For the hillbilly outlaw Tom Brackett – from his favorite Jarhead, Whitney.
Tom’s daughter Whitney shot me an email telling me that her dad was having some severe health issues and that he loved my blog and would I mind mentioning him by name because it would bring a much needed smile to his face?
She said he likes raunchy jokes, hates Obama and Hillary and the VA pisses him off. He sounds like my kinda guy.
Yeah, I can do that.
Today is Tom’s Day. I’m keeping him in mind with every post I do today. We’ll start it with a few jokes.

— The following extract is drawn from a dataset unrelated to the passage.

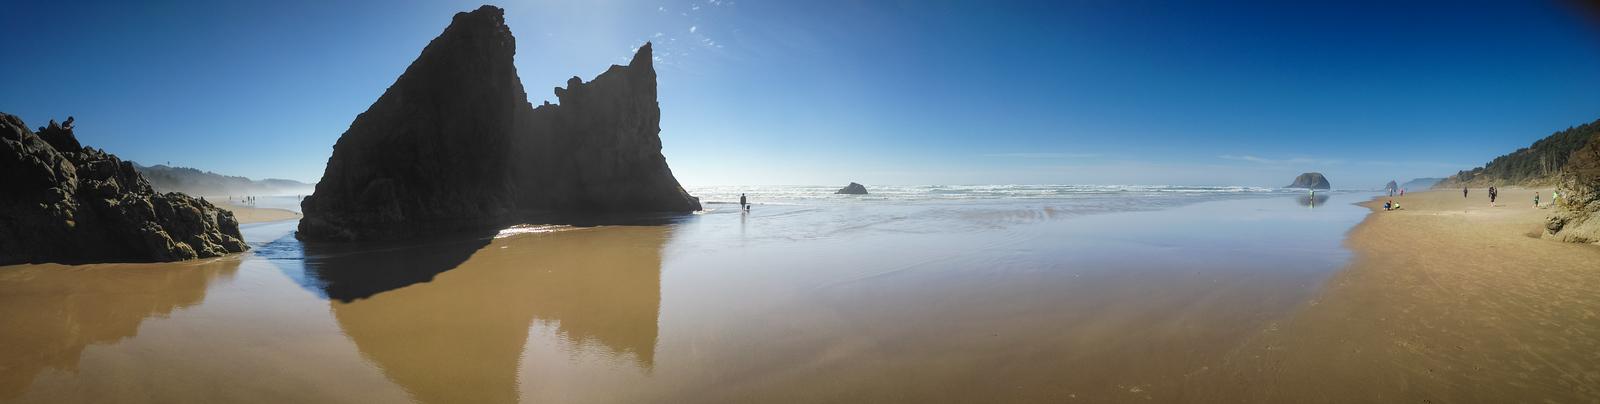 Spring Break 2015 Beach Trip
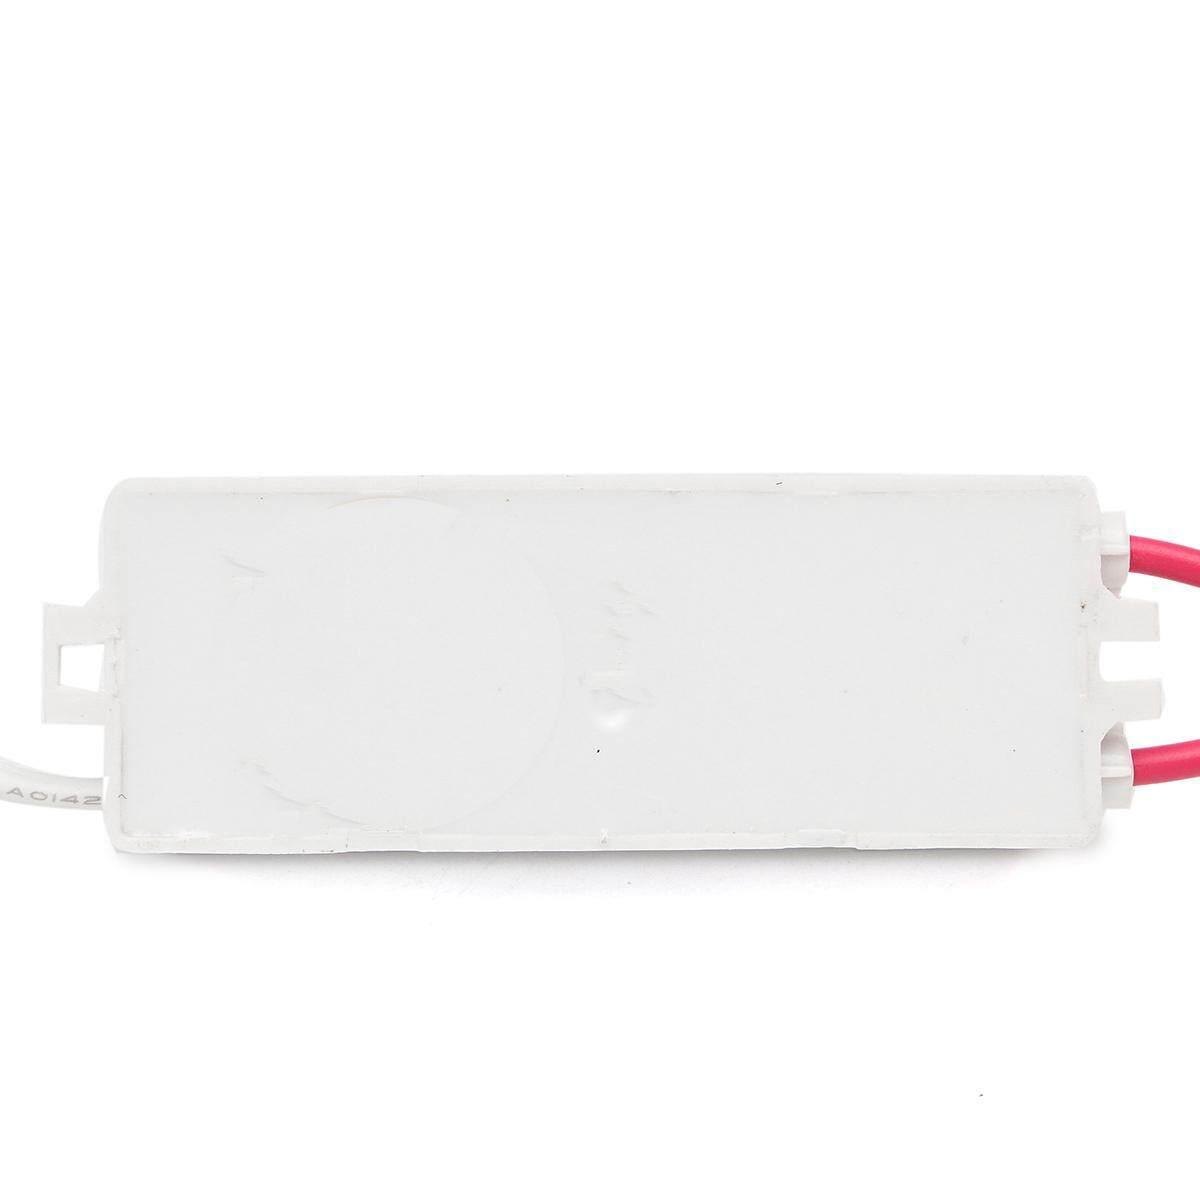 HB-C02 Plastic Neon Light Electronic Transformer 3KV 30mA Load Neon Sign Power Supply - intl - 3

Oh, and Tom? You’re a lucky man to have a daughter that cares enough about you that she’d write a complete stranger with a special request not knowing if her email would even be answered, much less her request granted. Good on you.
Two blonde girls walk into a department store. They walk up to the perfume counter and pick up a sample bottle. Nancy sprays it on her wrist and smells it, “That’s quite nice, don’t you think, Kathy?”
Kathy takes a sniff and replies, “That is nice. What’s it called?”
“Viens a moi,” replies Nancy.
“Viens a moi? What the heck does that mean?”
At this stage the store clerk offers some help. “Viens a moi, ladies, means ‘come to me’ in French.”
Nancy takes another sniff, then offers her arm to Kathy again, and remarks, “That doesn’t smell like cum to me. Does that smell like cum to you?”
“I’ve got some good news and some bad news” the doctor says.
“What’s the bad news?” asks the patient.
“The bad news is that unfortunately you’ve only got 3 months to live”.
The patient is taken aback, “What’s the good news then, Doctor?”
The doctor points over to the secretary at the front desk, “You see that blonde with the big breasts, tight ass and legs that go all the way up to heaven?”
The patient nods his head.
The doctor replies, “I’m fucking her.”
Al Sharpton was in Sears. He was there to protest the fact that most of the washing machines were white.
So the clerk called the store manager, who asked, “What’s the problem here, Reverend?”
Al pointed at the machines and loudly bemoaned the fact that most of them were white.
The manager replied, “Well, Reverend, it’s true that most of the washing machines are white, but if you’ll open the lids, you’ll see that all the agitators are black.”